If your debut album’s called “V” Is For Vagina, you can’t expect folk to take you too seriously. And to his credit, Maynard James Keenan – he of Tool, A Perfect Circle and… wine – has never demanded respect nor understanding of Puscifer. The project began as a purge playground, betwixt his main band’s 13-year dry spell; as the years dragged on, though, Puscifer got better. More song-orientated. More, for want of a better word and a sick bucket, mature.
At album four, Maynard and co find themselves sounding an awful lot like APC’s last record, Eat The Elephant. Or vice versa. That chilled-out, serene musical spine of piano and sparse guitar supports both albums, even if Puscifer do bend it a little more, Bread And Circus’s electronics evoking vintage Skinny Puppy amidst the alt-rock wooziness.
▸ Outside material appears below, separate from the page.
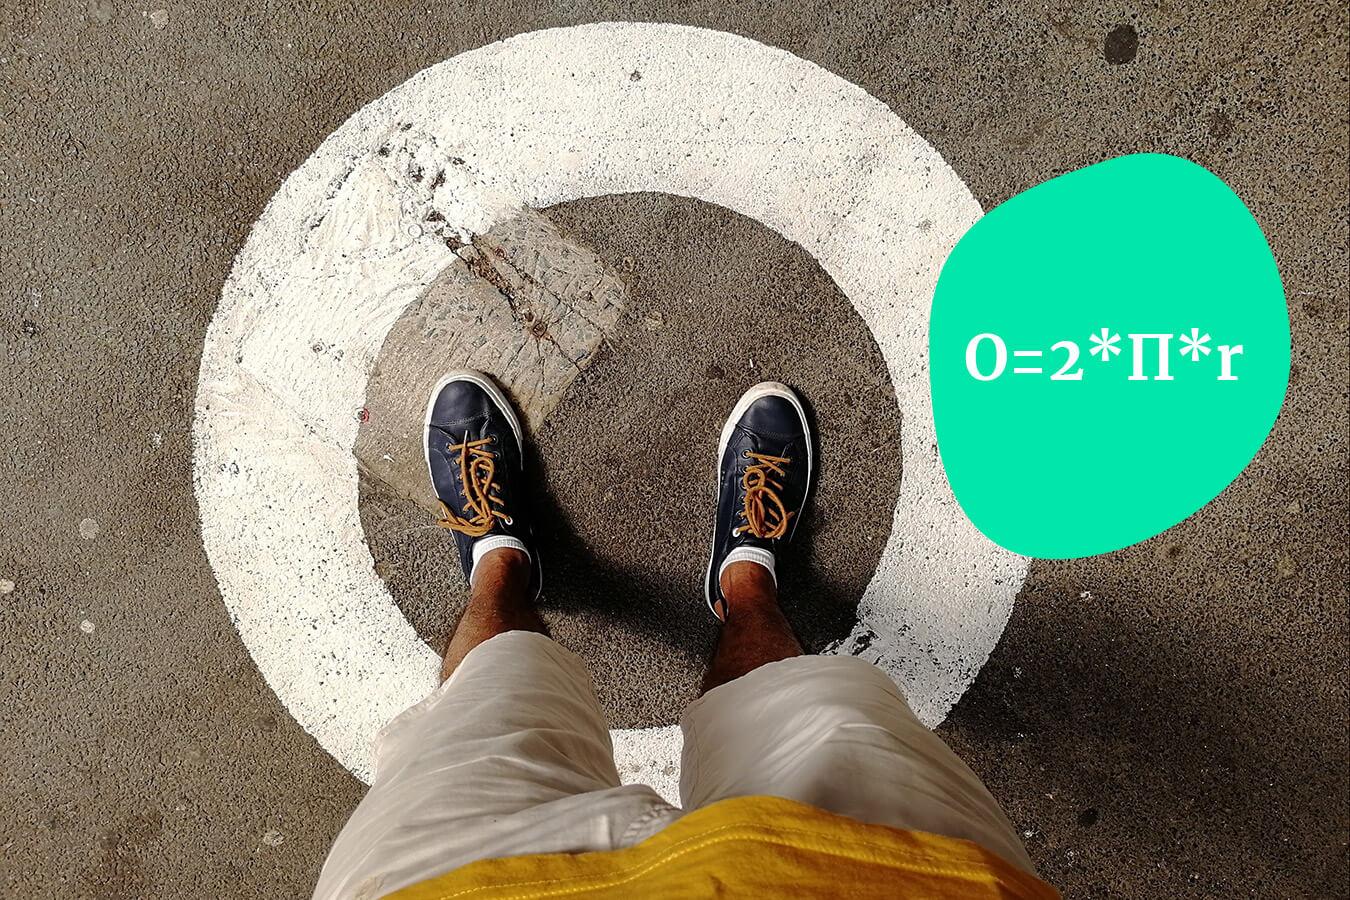 Obliczanie obwodu koła – Jak obliczyć obwód koła?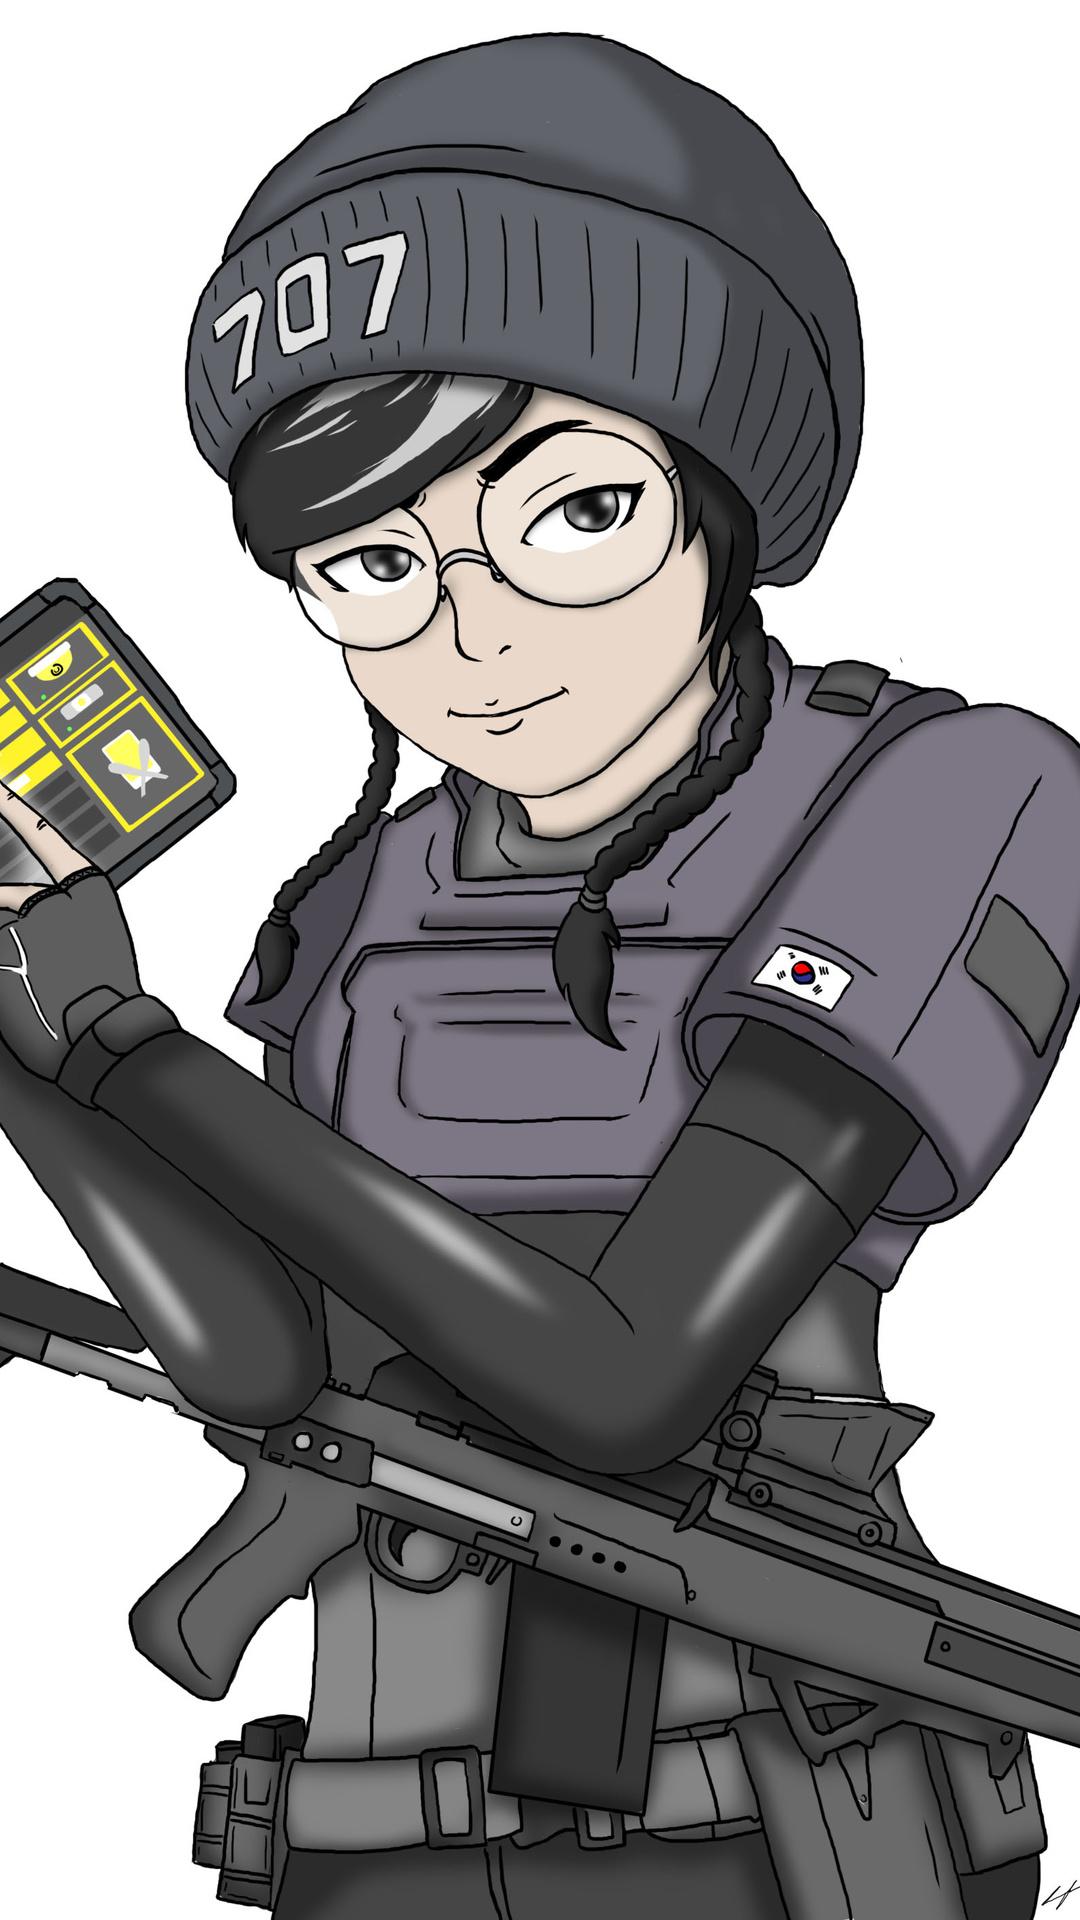 1080x1920 Tom Clancys Rainbow Six Siege Dokkaebi 4k Iphone 7 6s 6

But weirdly, Existential Reckoning’s selling point is its emotional resonance – In particular on A Singularity, where Maynard’s higher, softer notes are flanked by snappity, digitised snare. Co-vocalist Carina Round lurks in the background as the keys and guitar swell, readying Maynard’s proclamation: ‘God damn the sun!’ – not the first time Puscifer have taken direct influence from Swans, but Maynard owns that line with such conviction, such pathos, he rehomes it.
Puscifer’s always been dismissed as Maynard’s ‘silly’ band. Existential Reckoning isn’t silly. In places deliberately annoying, yes – Postulous’s vocal loops will drive you up the wall; in places jarring, sure – Carina’s ‘Shut the fuck up’ on Fake Affront is genuinely funny, but Maynard ripostes it with his seldom-used, deep-throated cry: ‘Far right, far left, same shit.’ The kookiness rises just high enough to make this a Puscifer album, but it’s an accoutrement - a subtle note, a seasoning atop the band’s tightest serving of songs to date. Maynard James Keenan has something to say. Listen. It’s awfully catchy.